À commencer par Emmanuel Macron, qui a écrit sur Twitter : "Les Vénézuéliens ont le droit de s’exprimer librement et démocratiquement. La France reconnaît Juan Guaido comme 'président en charge' pour mettre en œuvre un processus électoral. Nous soutenons le Groupe de contact, créé avec l’UE, dans cette période de transition".

Une position défendue plus tôt, lundi matin, par le ministre des Affaires étrangères, Jean-Yves Le Drian, qui a déclaré sur France Inter que Juan Guaido "a la légitimité pour organiser des élections" présidentielles.

Plusieurs pays européens comme l'Allemagne, l'Espagne, le Royaume-Uni, la Suède et le Danemark ont aussi reconnu, lundi, Juan Guaido comme président par intérim.

"Le gouvernement espagnol annonce reconnaître officiellement le président de l'Assemblée du Venezuela, M. Guaido, comme président en charge du Venezuela", a déclaré le chef du gouvernement espagnol Pedro Sanchez, en appelant M. Guaido à convoquer des élections présidentielles "dans le plus bref délai possible".

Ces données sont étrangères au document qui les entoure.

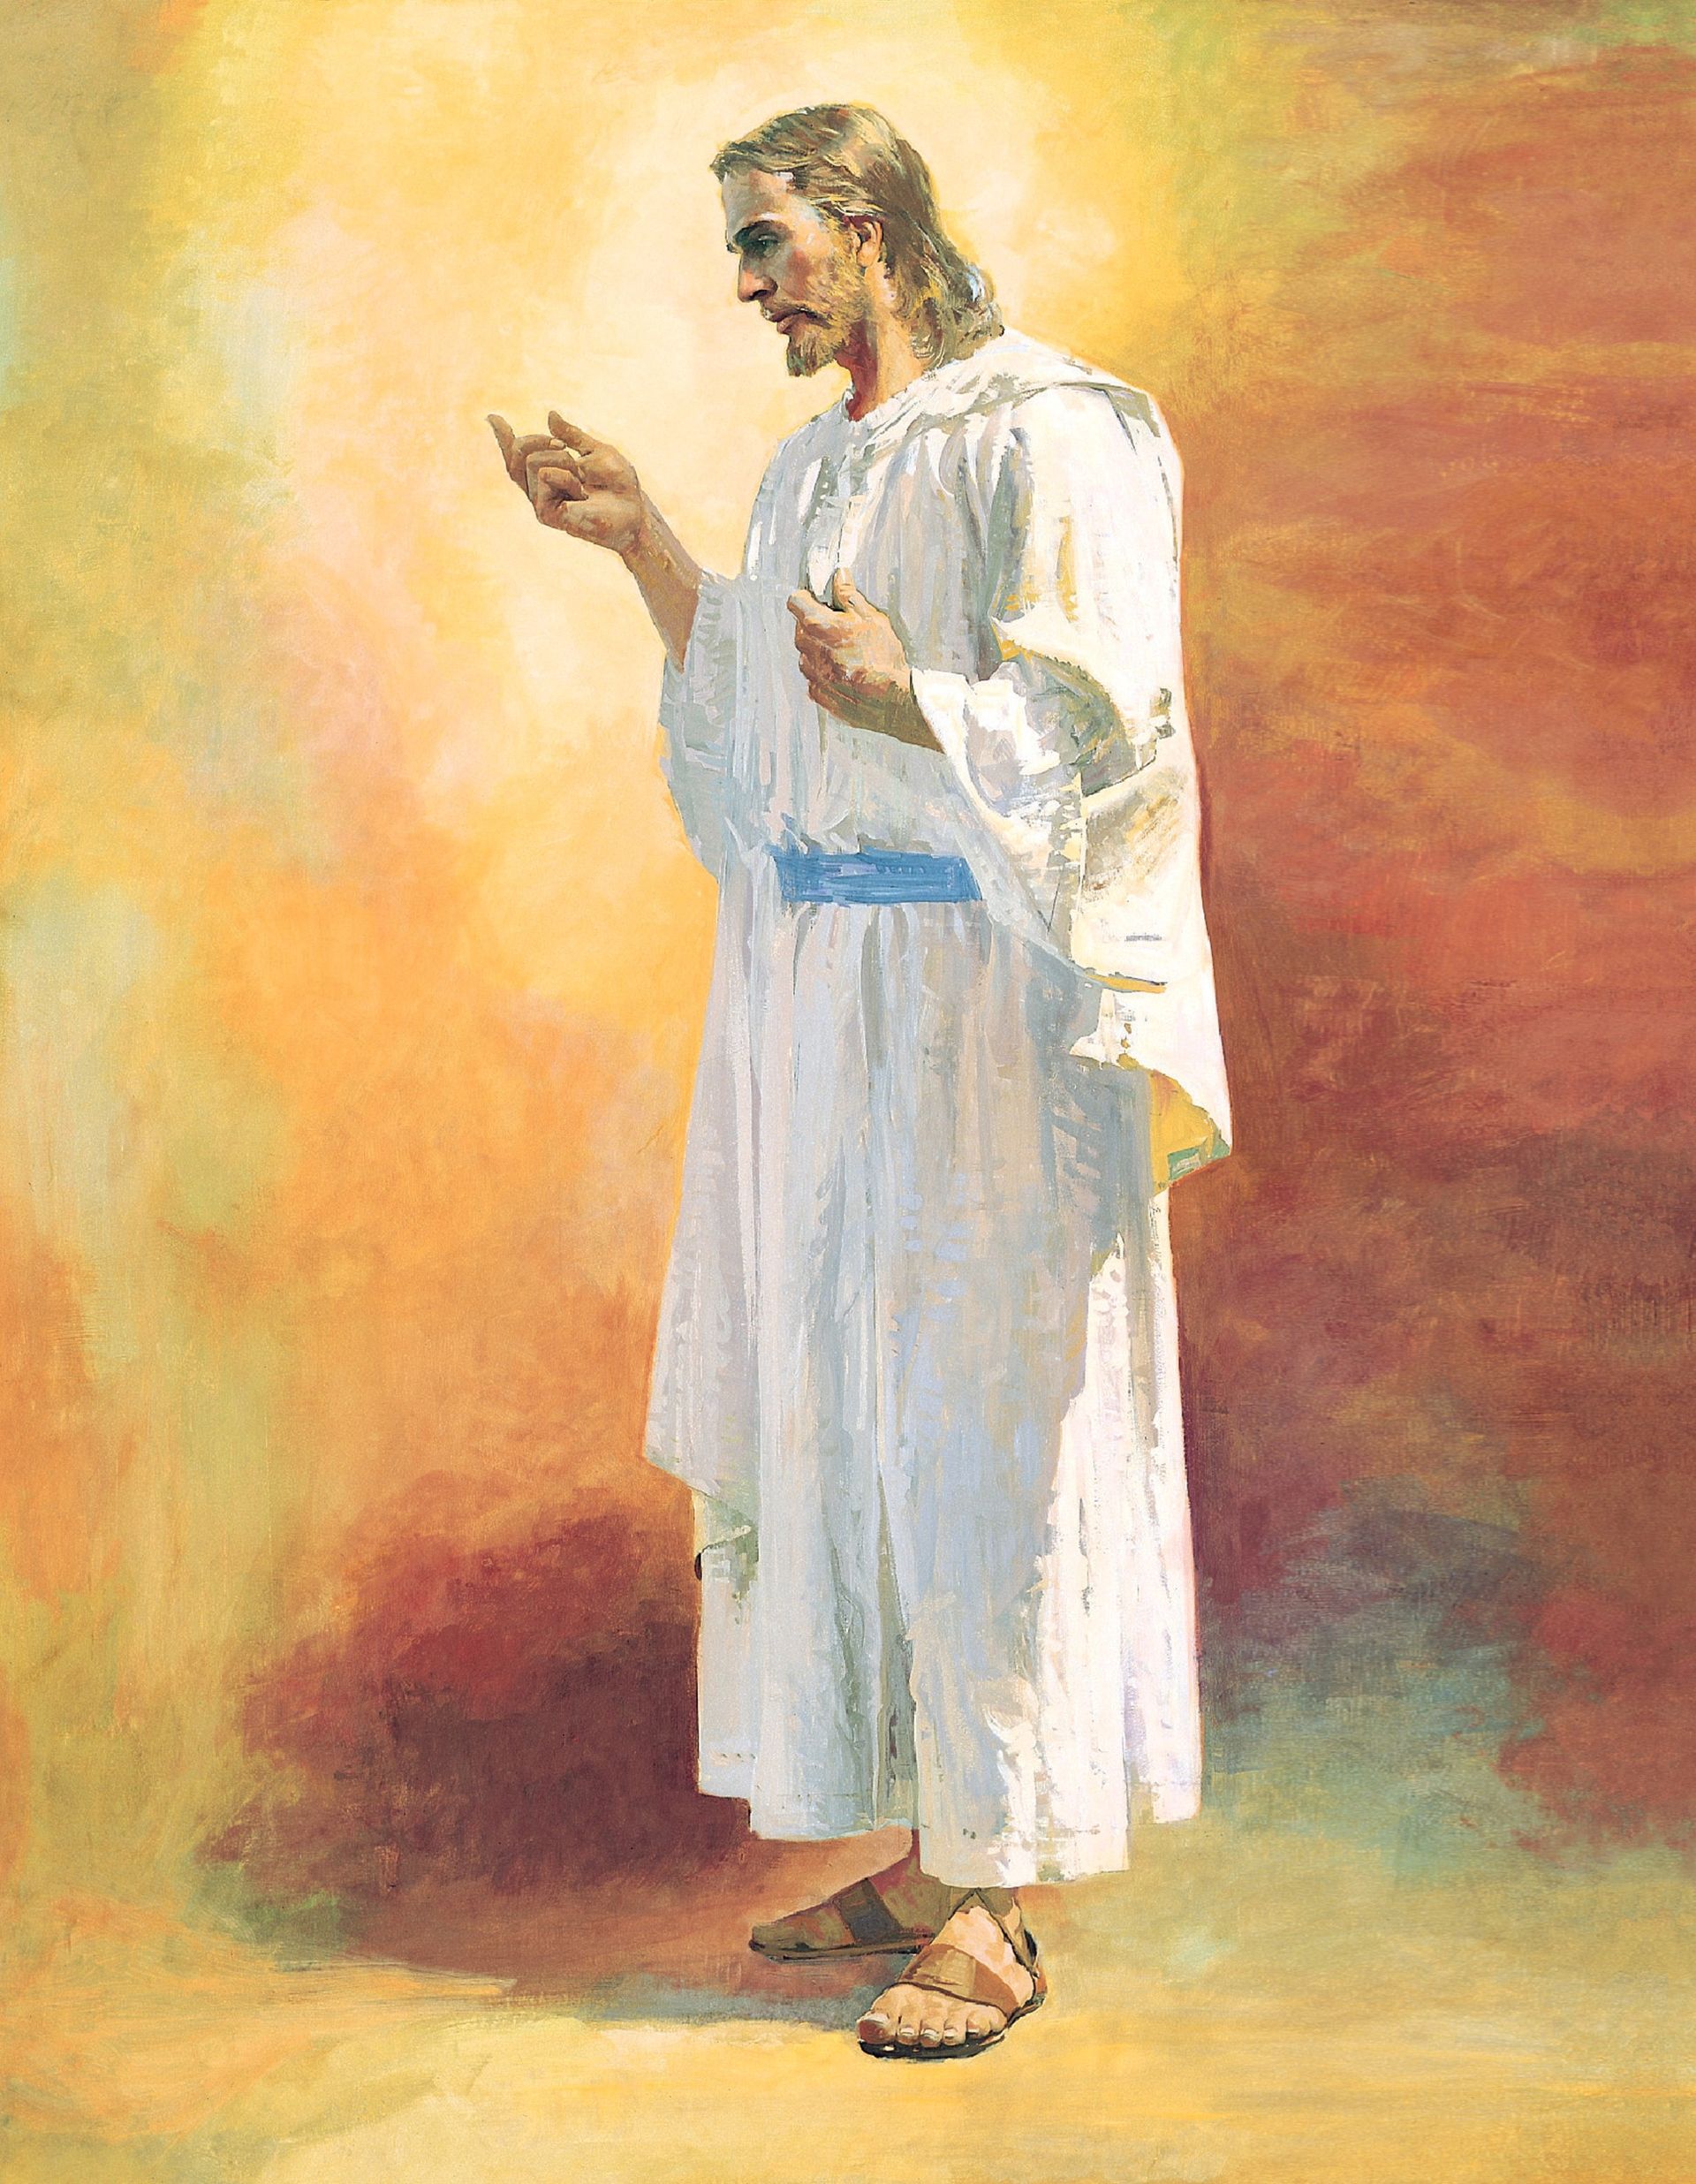 Jesus Christ, by Harry Anderson

"Nicolas Maduro n'a pas appelé à une élection présidentielle dans les huit jours, comme nous l'avions demandé", écrit Jeremy Hunt, ministre britannique des Affaires étrangères, sur Twitter. "Le Royaume-Uni et ses alliés européens reconnaissent donc désormais @jguaido comme président par intérim jusqu'à ce que des élections crédibles puissent être organisées".

Le Venezuela a réagi lundi en annonçant qu'il allait "réévaluer intégralement les relations bilatérales avec ces gouvernements à partir de cet instant, jusqu'à ce qu'ils renoncent à soutenir les plans putschistes", selon un communiqué du ministère des Affaires étrangères.

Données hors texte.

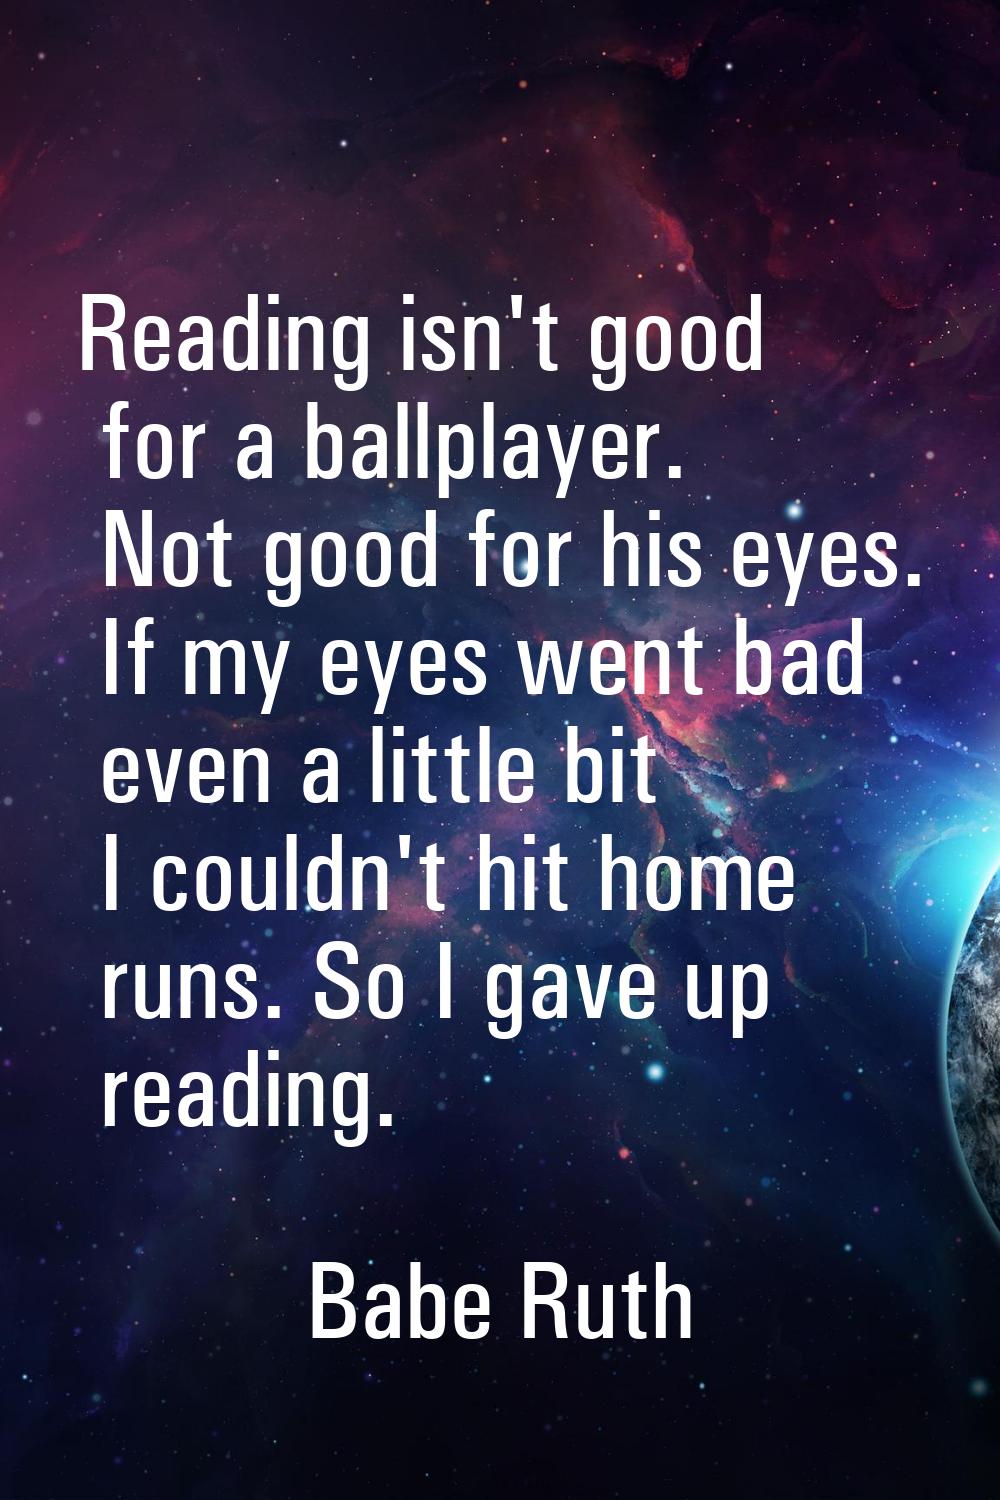 Reading isn't good for a ballplayer. Not good for his eyes. If my eyes went bad even a little bit I

La Russie, l'un des principaux alliés de Nicolás Maduro, a aussitôt dénoncé cette reconnaissance de Juan Guaido par plusieurs pays européens. "Nous percevons les tentatives de légitimer l'usurpation du pouvoir comme une ingérence directe et indirecte dans les affaires internes du Venezuela", a déclaré le porte-parole du Kremlin, Dmitri Peskov.

Les États-Unis, le Canada et de nombreux pays d'Amérique latine, dont la Colombie et le Brésil, ont déjà reconnu Juan Guaido, qui s'était autoproclamé président par intérim le 23 janvier. Le Parlement européen avait lui reconnu son autorité jeudi, et avait appelé l'ensemble des pays de l'UE à faire de même.

L'ONU, de son côté, a annoncé lundi qu'elle ne participera à aucune réunion de groupes qui se forment pour discuter de la crise vénézuélienne, afin de "garder sa crédibilité" dans son offre de mission de bons offices au Venezuela, selon son chef, Antonio Guterres.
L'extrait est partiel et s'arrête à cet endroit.